- Work order -
Below are entries. Copy exactly the lines running from the line that holds "Villa in Dubai, UAE, 603.87 sq.m - picture 1" to the line that holds "Chocolate glazed cake by Digifoodstock", with both ends included.

- Data for this exercise -
────────────────────────────────────────

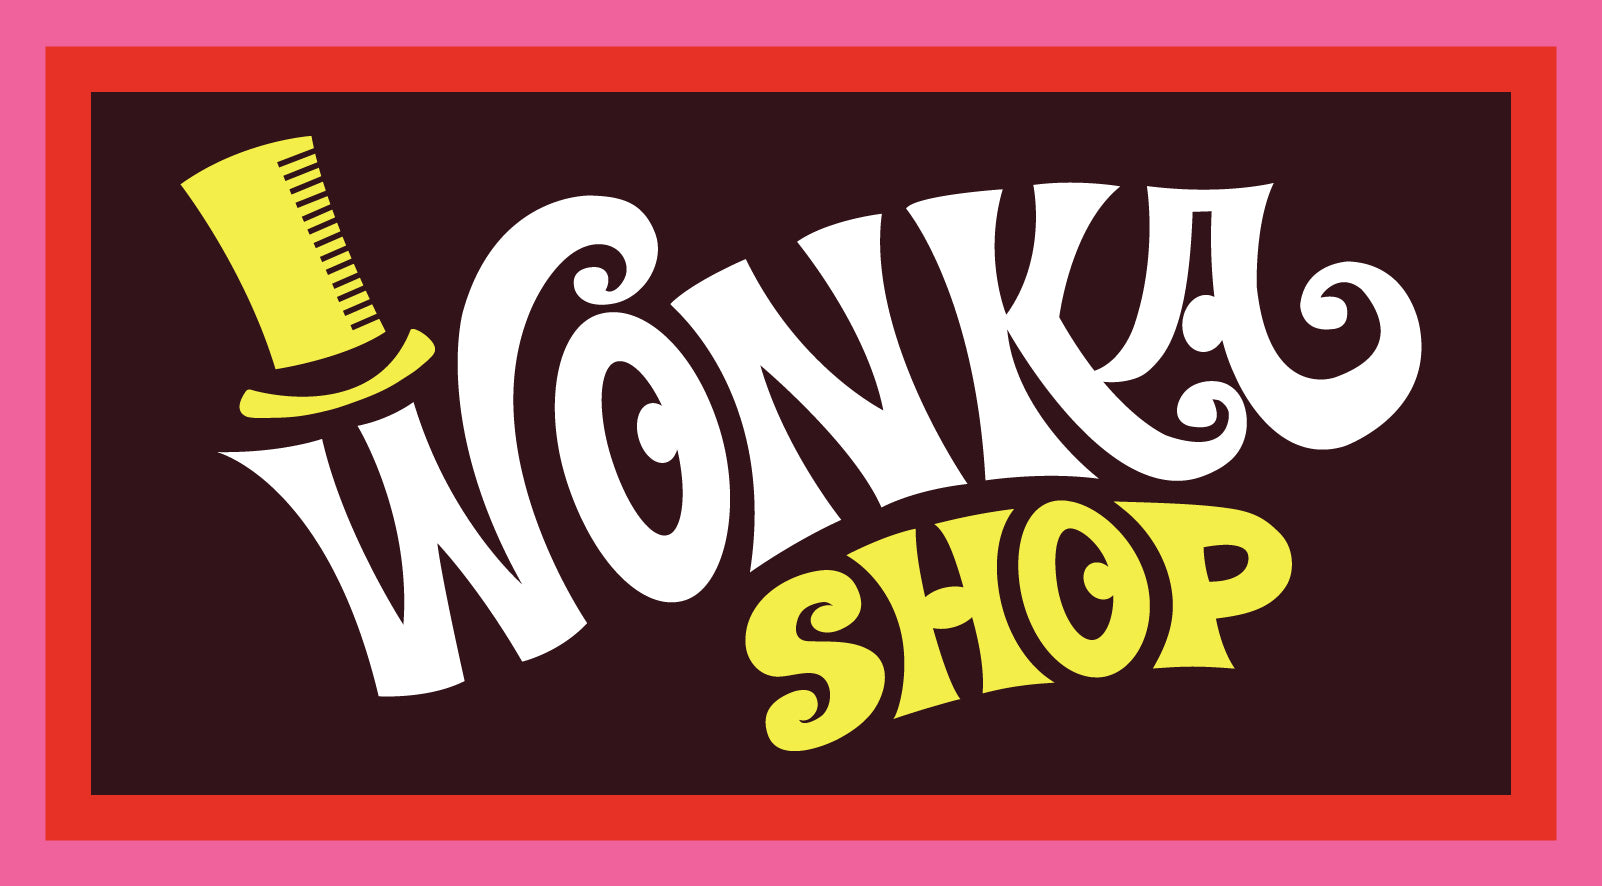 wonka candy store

────────────────────────────────────────

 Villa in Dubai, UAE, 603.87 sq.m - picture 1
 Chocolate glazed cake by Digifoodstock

────────────────────────────────────────

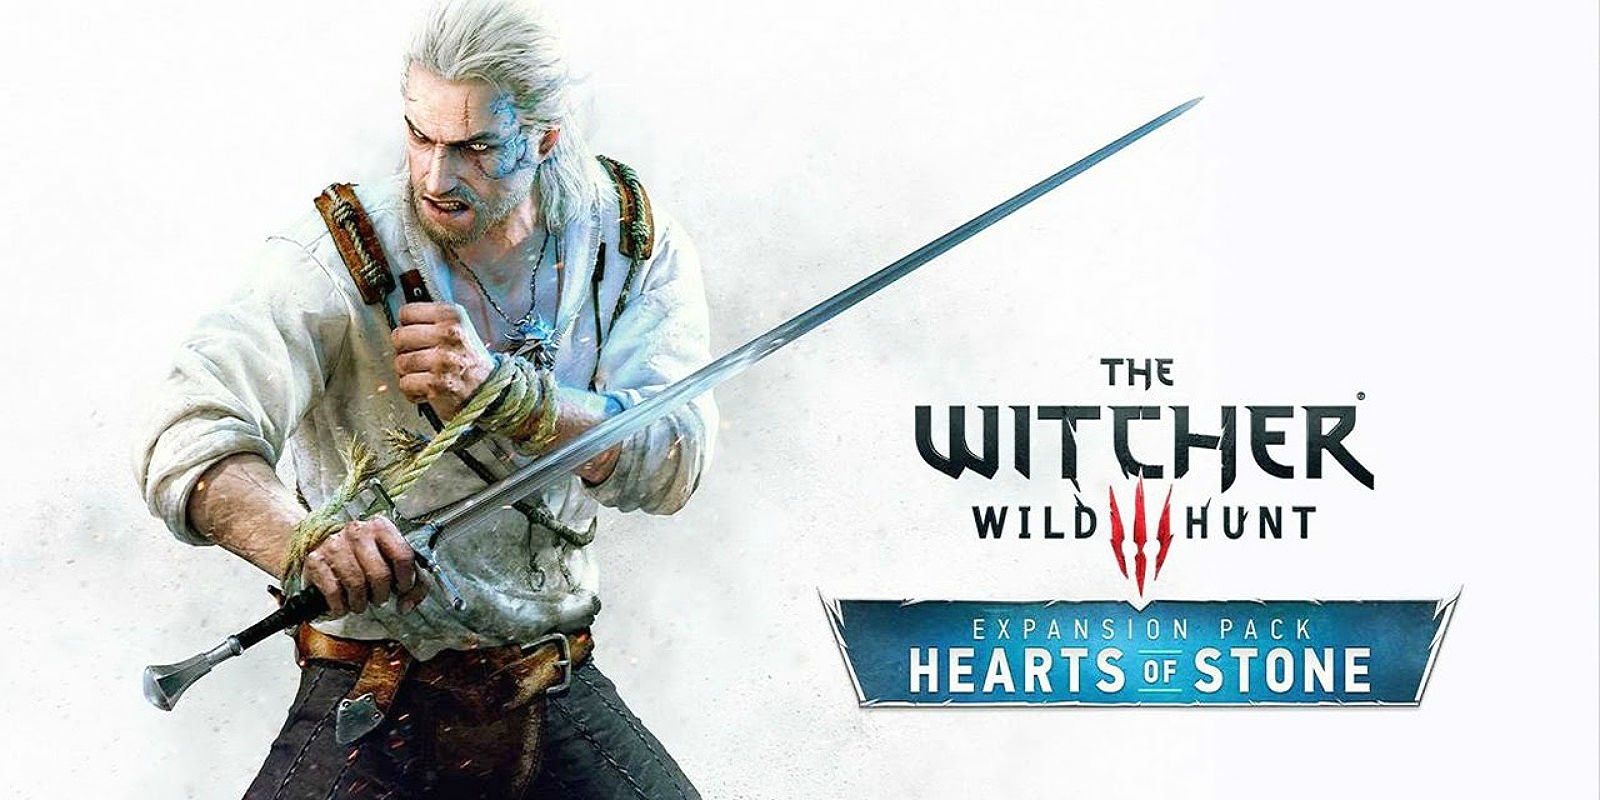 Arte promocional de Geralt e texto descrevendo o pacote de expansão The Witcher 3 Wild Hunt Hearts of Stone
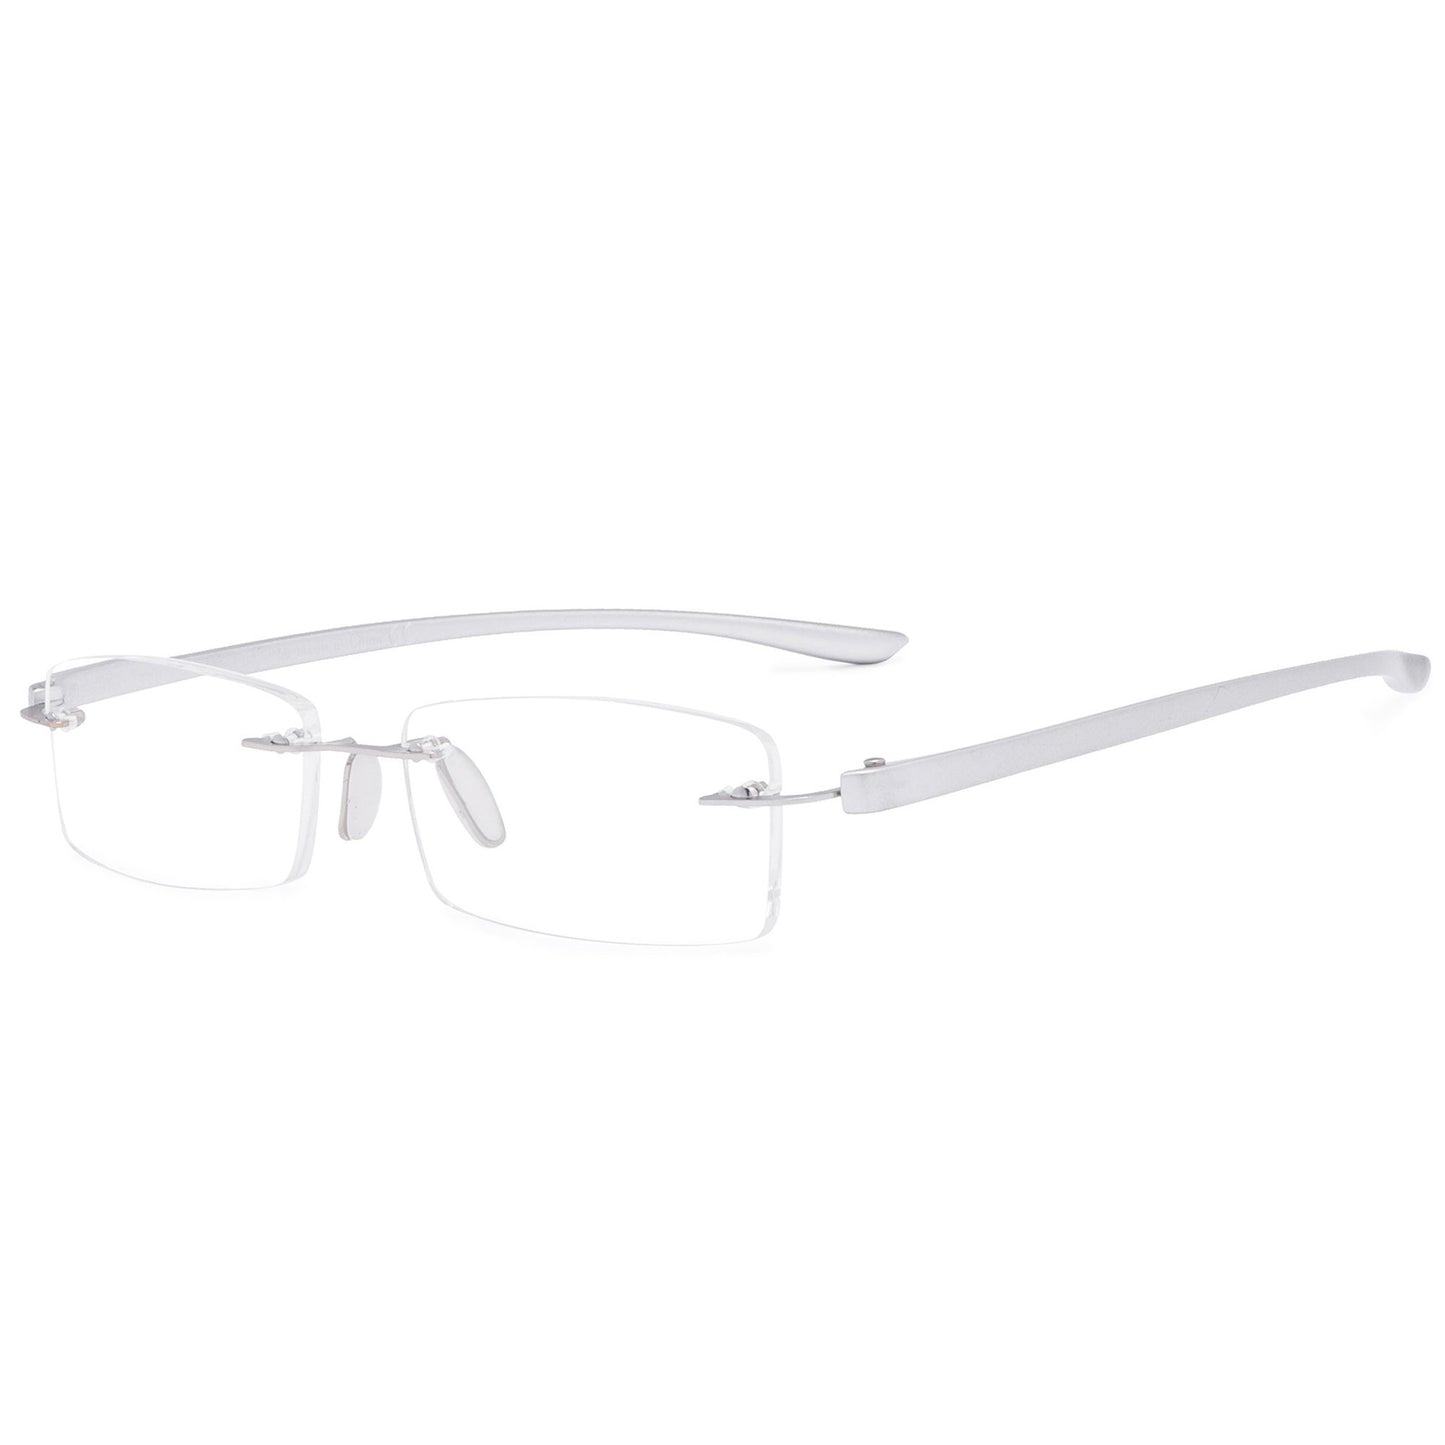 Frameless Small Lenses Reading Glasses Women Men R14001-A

────────────────────────────────────────

- Response area -
 Villa in Dubai, UAE, 603.87 sq.m - picture 1
 Chocolate glazed cake by Digifoodstock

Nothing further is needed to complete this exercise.